:: Requirement ::
Please set down, unchanged, each line from the one with "Video - Caribbean" to the final line of the data below, both included. Drop the pictures.

:: Dataset extract ::
▶

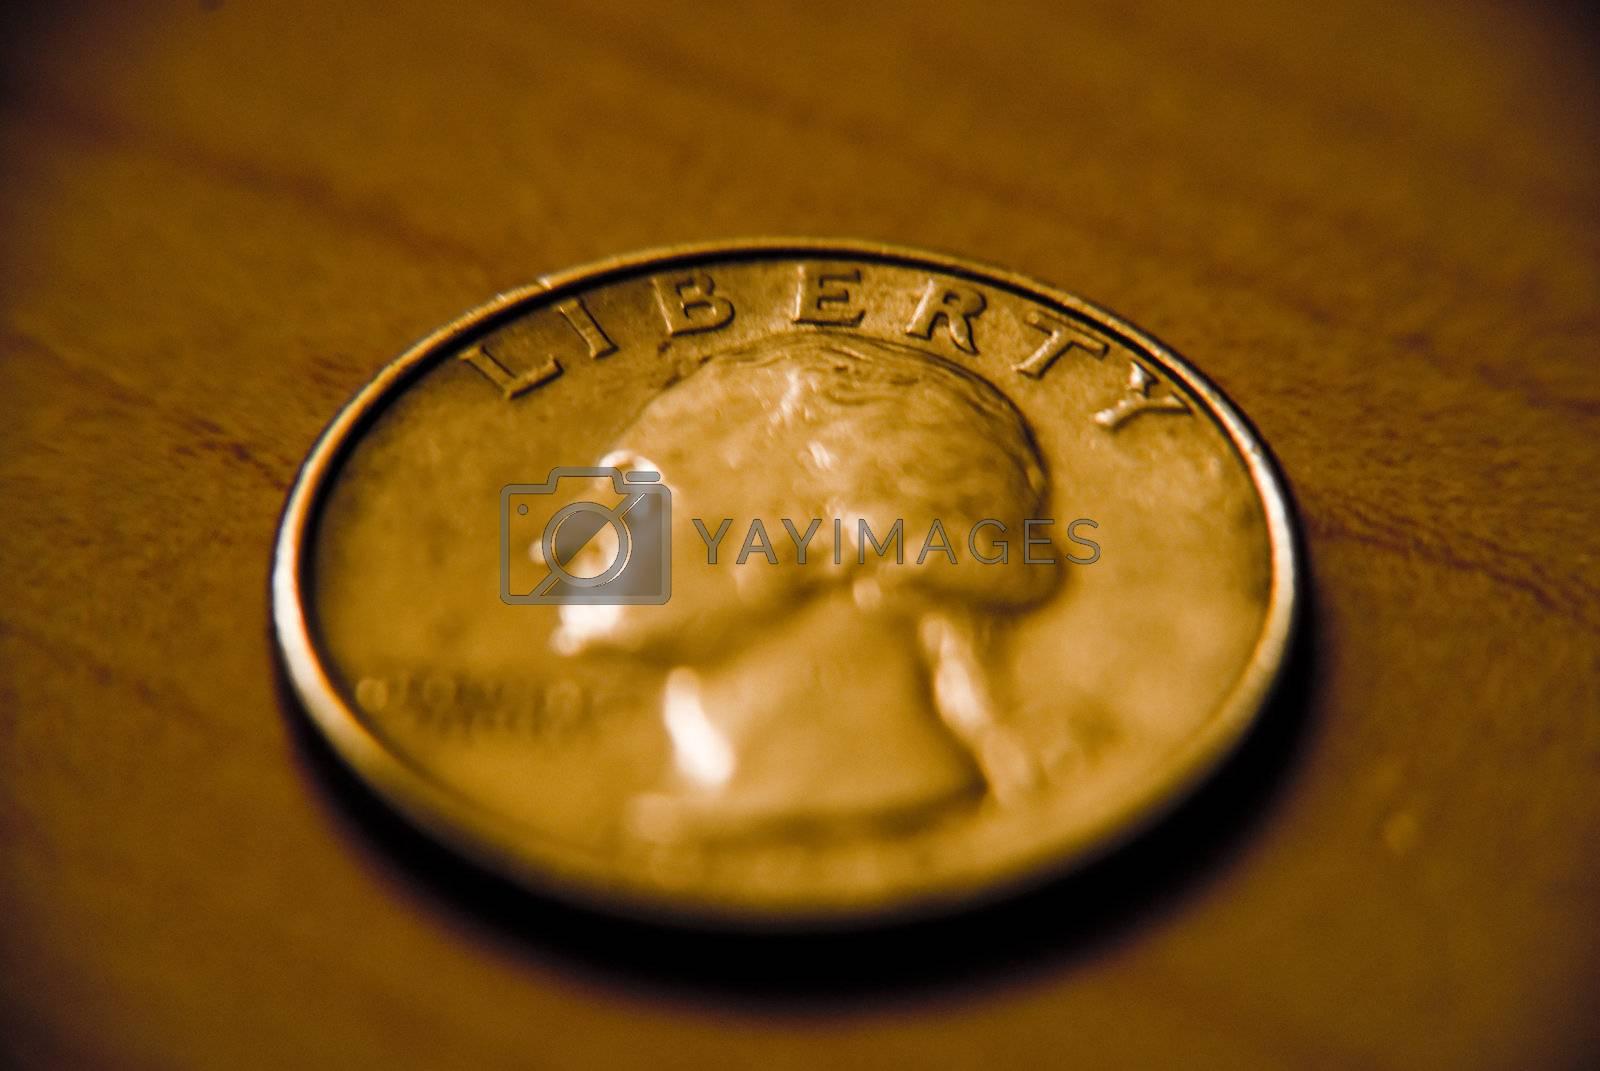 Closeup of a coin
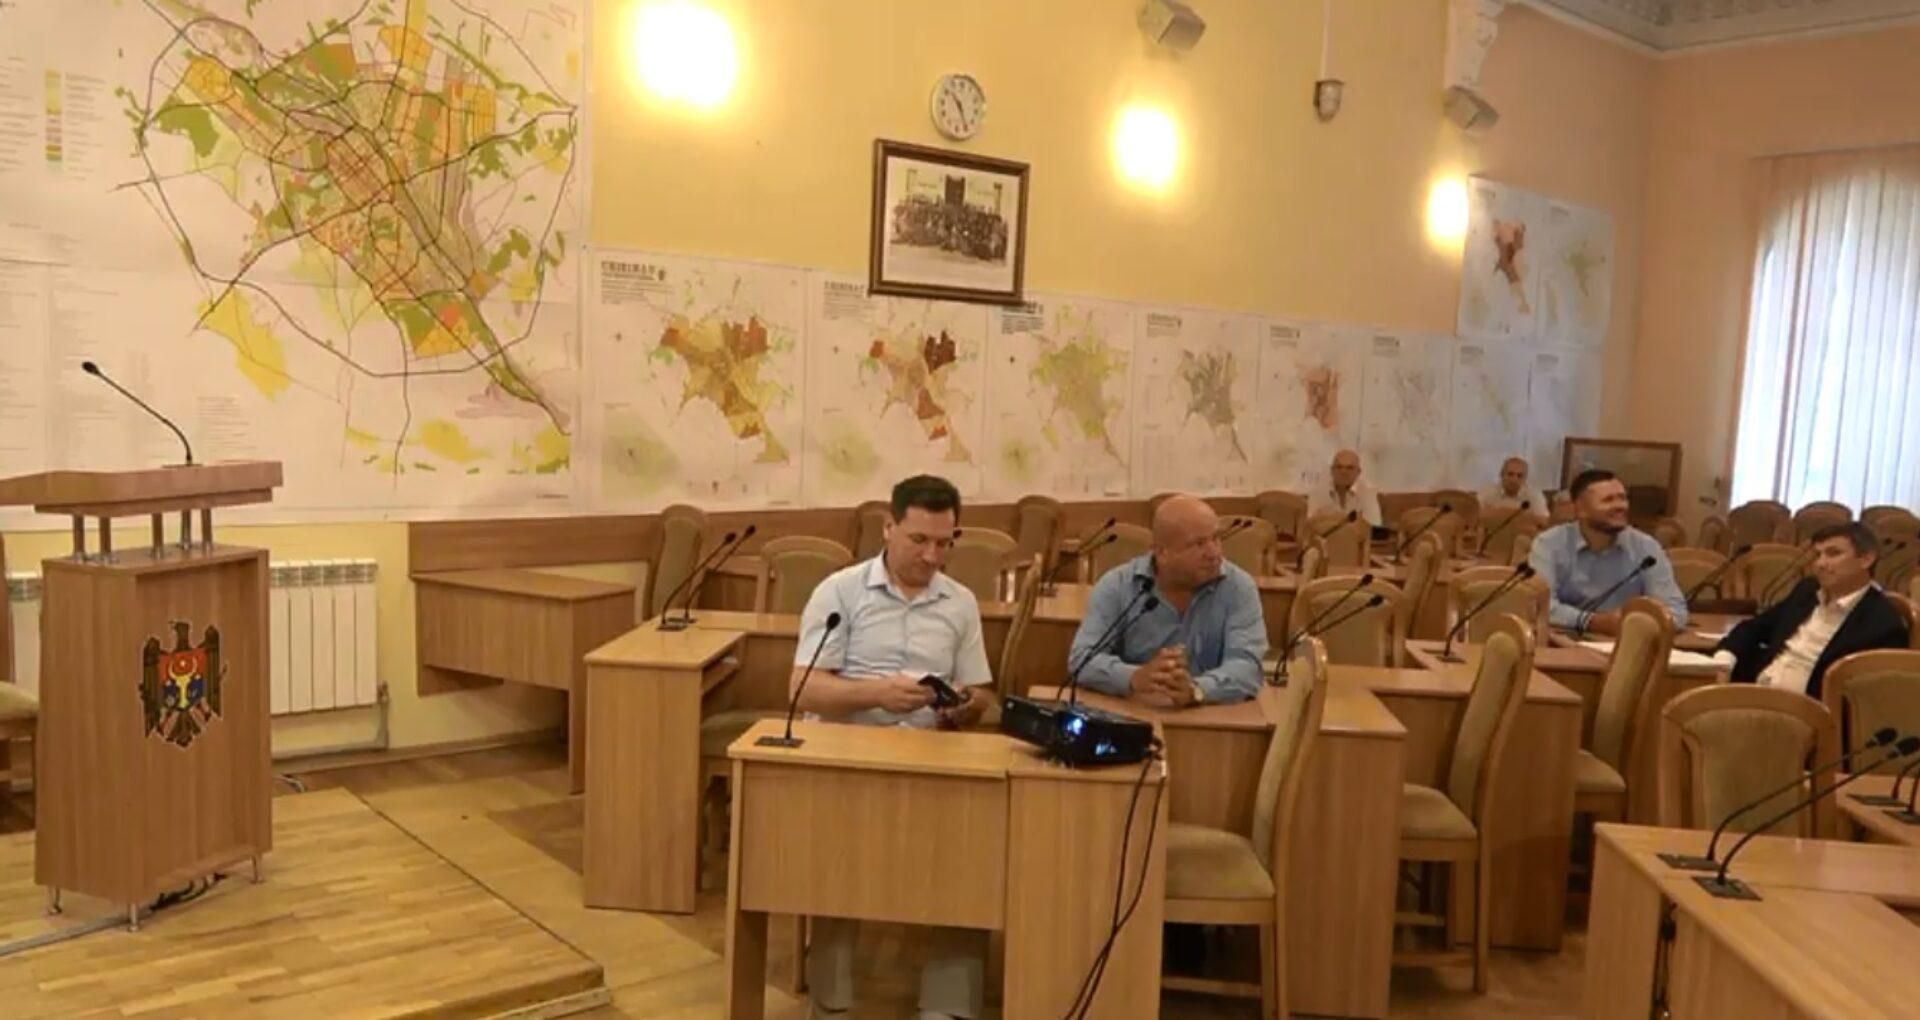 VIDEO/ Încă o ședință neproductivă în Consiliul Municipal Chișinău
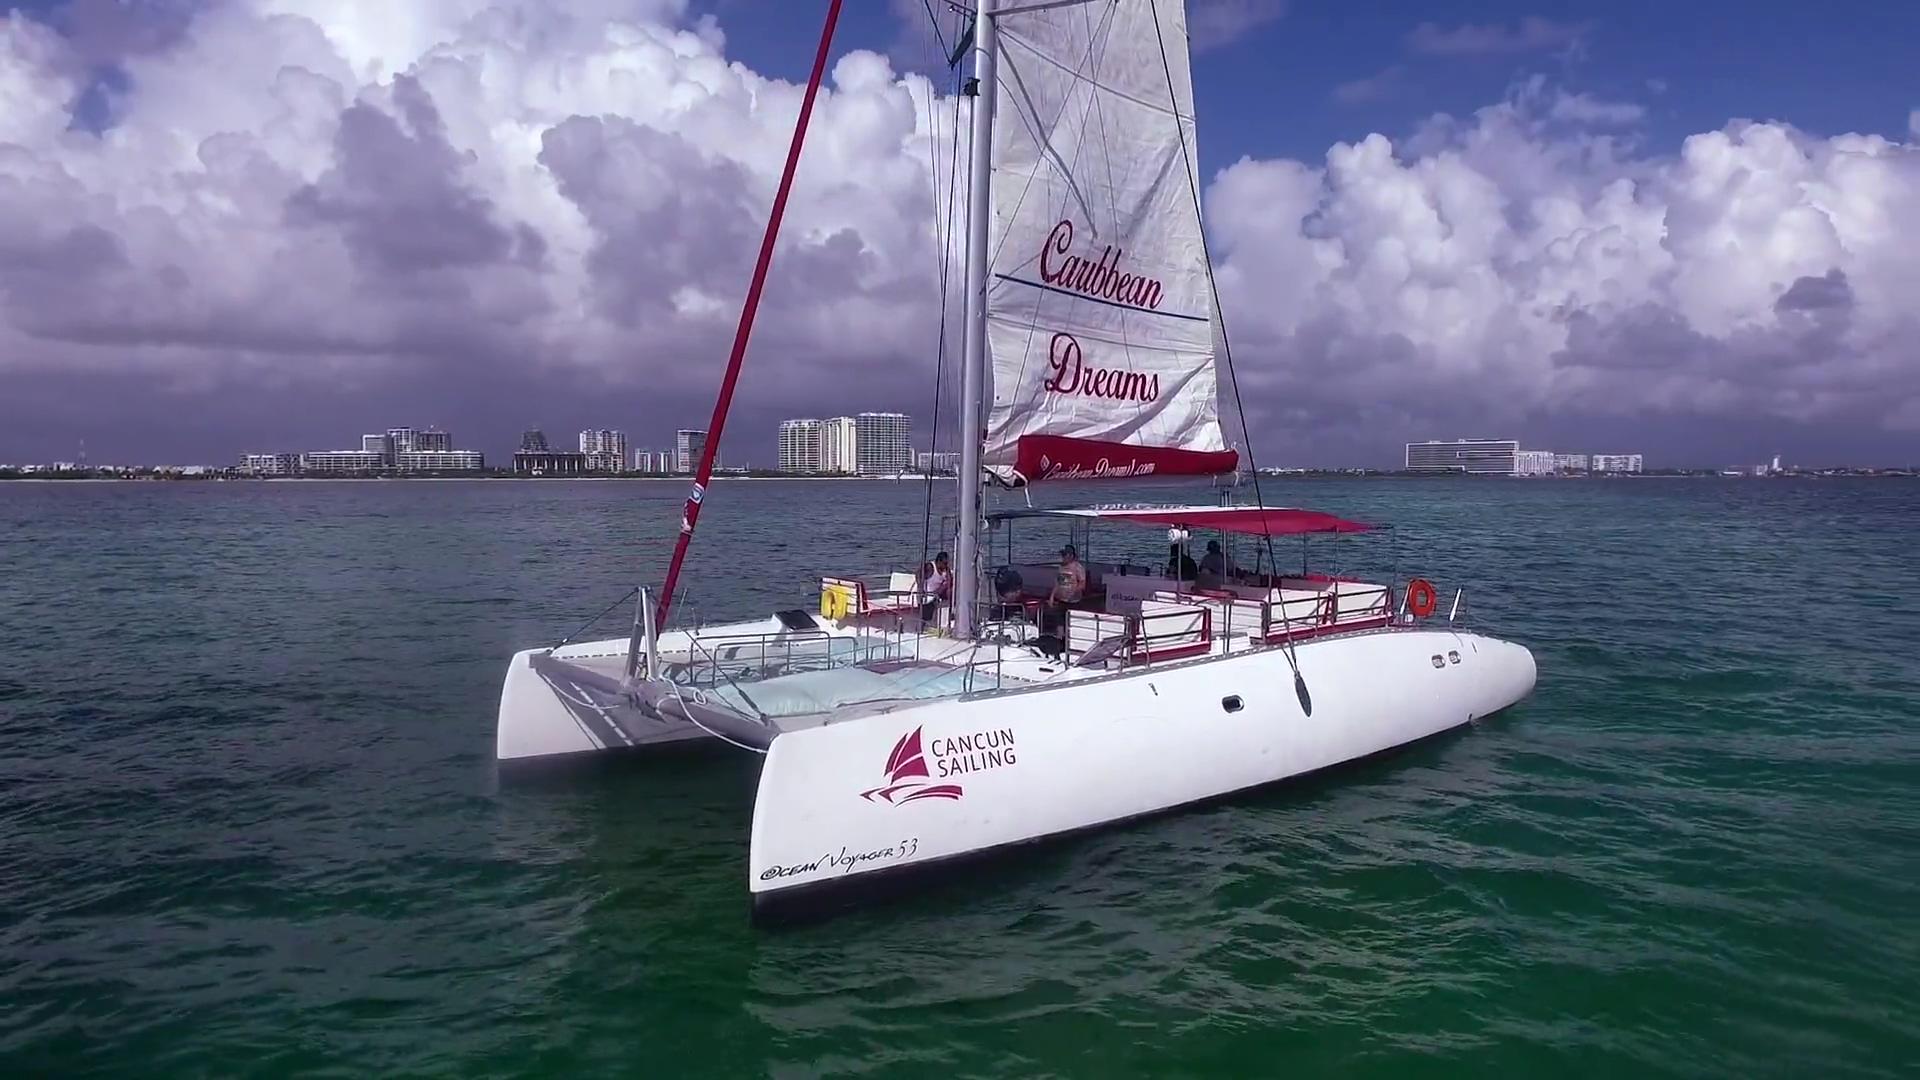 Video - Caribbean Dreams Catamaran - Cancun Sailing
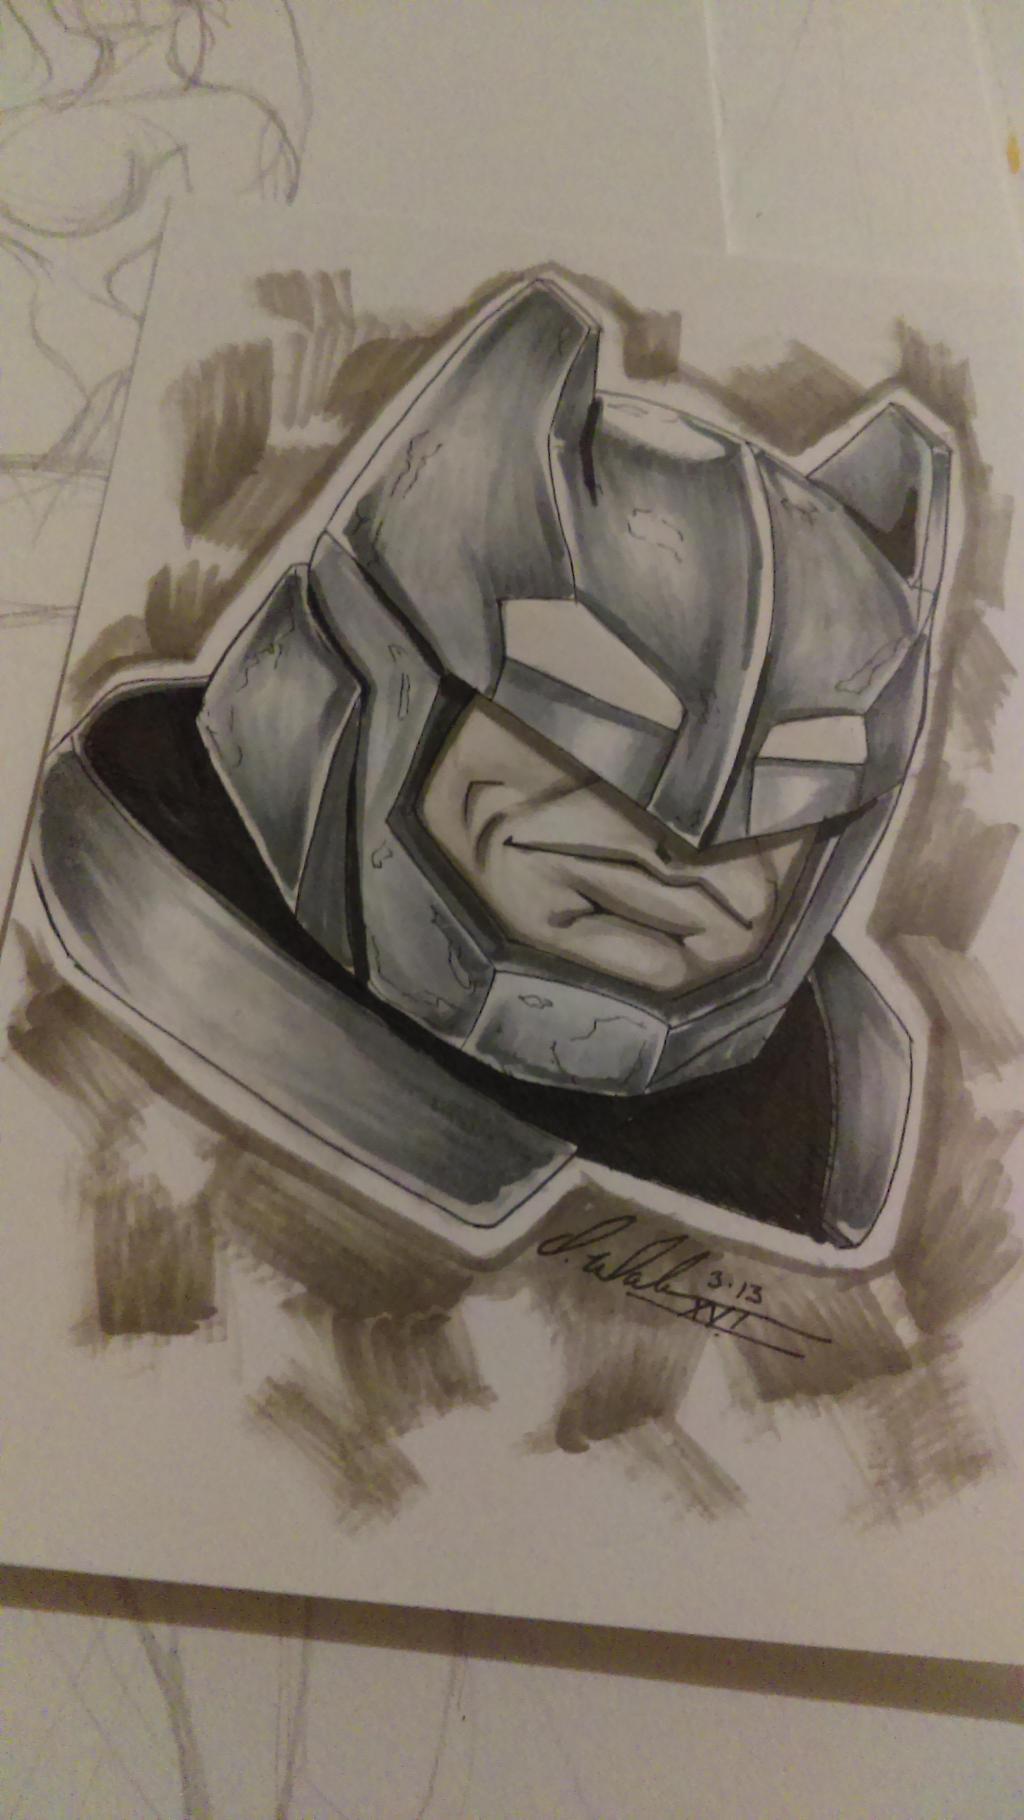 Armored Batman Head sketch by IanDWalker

◀

:: Result for this task ::
 Video - Caribbean Dreams Catamaran - Cancun Sailing
 Armored Batman Head sketch by IanDWalker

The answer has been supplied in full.